I totally agree with #3. Although I have been tempted to feed an albino blueberries in April. But that is non-sonic the hedgehog related!


----------



## writergirlmel (May 16, 2015)

I tried feeding Fitzgerald blueberries. Apparently, they were not interesting enough to warrant anointing. 

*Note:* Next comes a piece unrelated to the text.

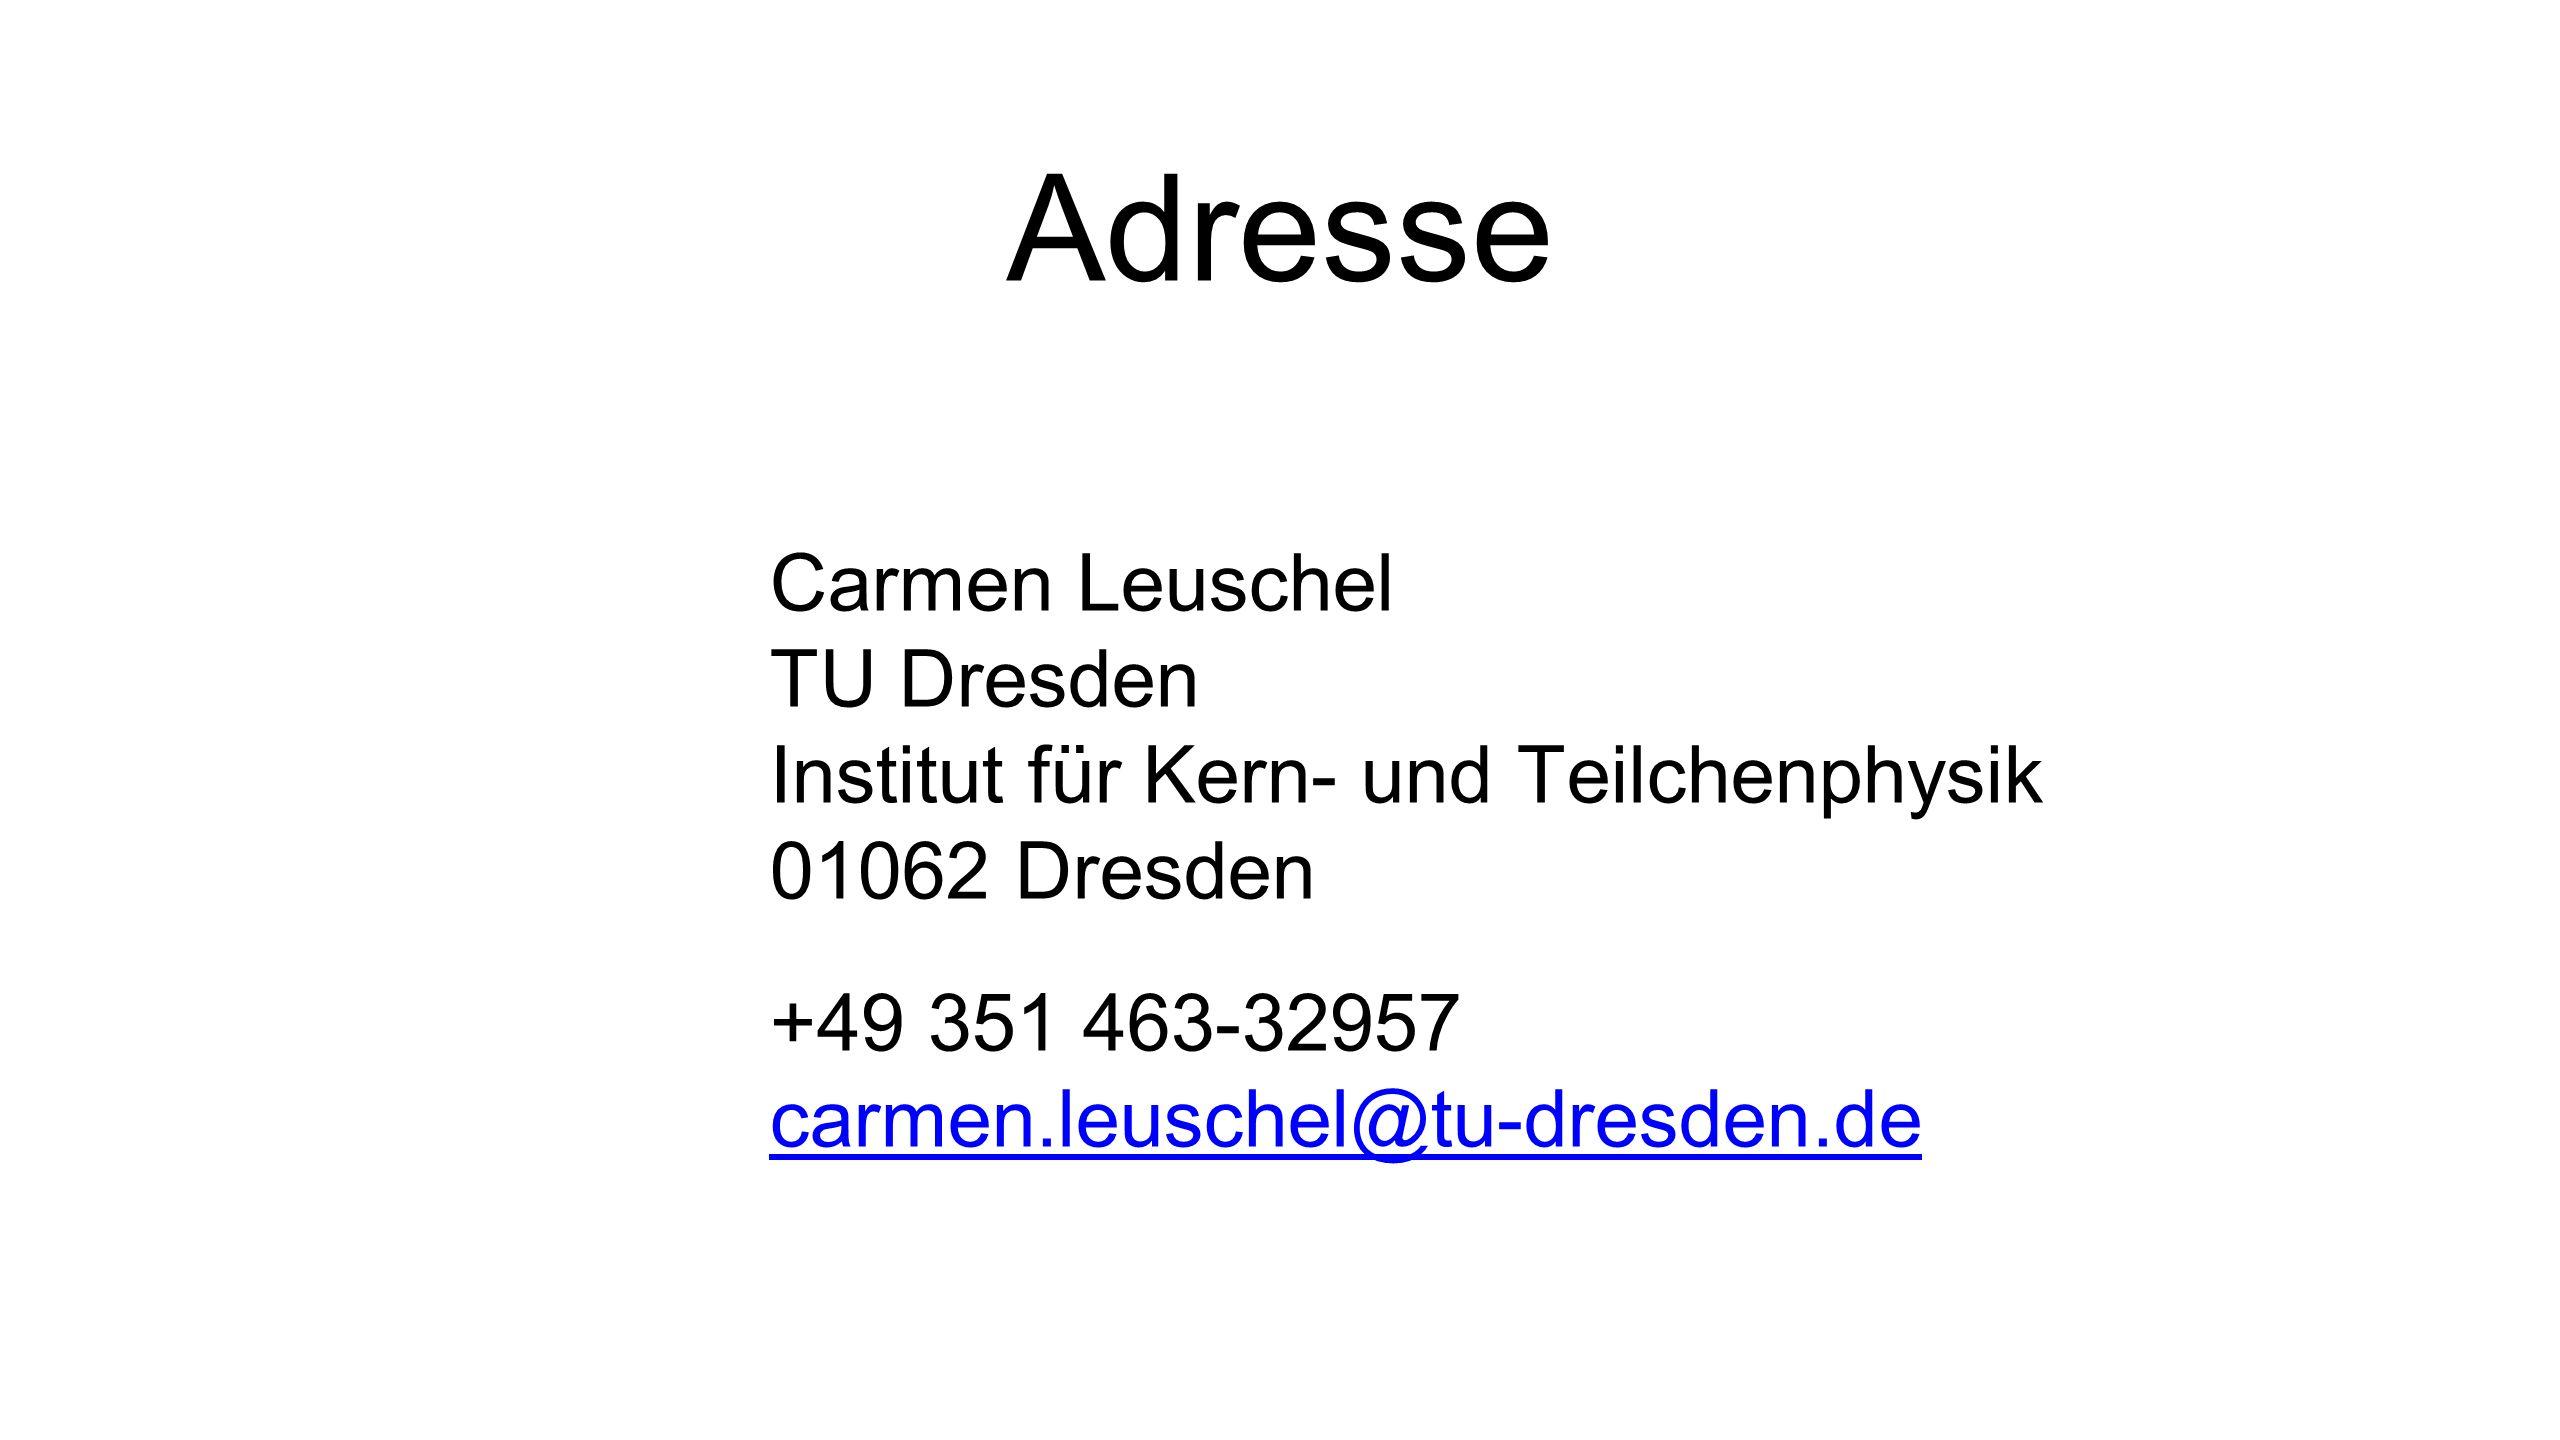 Adresse Carmen Leuschel TU Dresden Institut für Kern- und Teilchenphysik 01062 Dresden +49 351 463-32957 carmen.leuschel@tu-dresden.de carmen.leuschel

Baby food carrots, however, resulted in what looked like an orange pinto. Between that and the unattractive brown from the rabbit, he needs a bath.


----------



## twobytwopets (Feb 2, 2014)

Must find another blue food!!!


----------



## octopushedge (Apr 26, 2015)

Wait, is that a thing? Hedgehogs will take on the colour of their food?


----------



## twobytwopets (Feb 2, 2014)

If they anoint with it they will.


----------



## writergirlmel (May 16, 2015)

And it's particularly noticeable when the hedgehog is albino like Fitzgerald.


----------



## PeaceLove&Hedgies (Jun 26, 2015)

When I told people I got a hedgehog, they were all like: Oh, did you name it Sonic?


----------



## Katten (May 10, 2014)

I honestly thought hedgehogs were "fast" because of Sonic the Hedgehog. I mean, they can run, but I was expecting something a lot faster and a lot less lazy. Tinkerball mostly just waddles around. 

I have also had people refer to her as "a Sonic". I usually correct them. She's not a Sonic, she's a spiky potato.


----------



## Draenog (Feb 27, 2012)

Katten said:


> I honestly thought hedgehogs were "fast" because of Sonic the Hedgehog. I mean, they can run, but I was expecting something a lot faster and a lot less lazy. Tinkerball mostly just waddles around.
> 
> I have also had people refer to her as "a Sonic". I usually correct them. She's not a Sonic, she's a spiky potato.


Then you've never seen a hedgehog properly run. They're pretty fast for their size, actually.


----------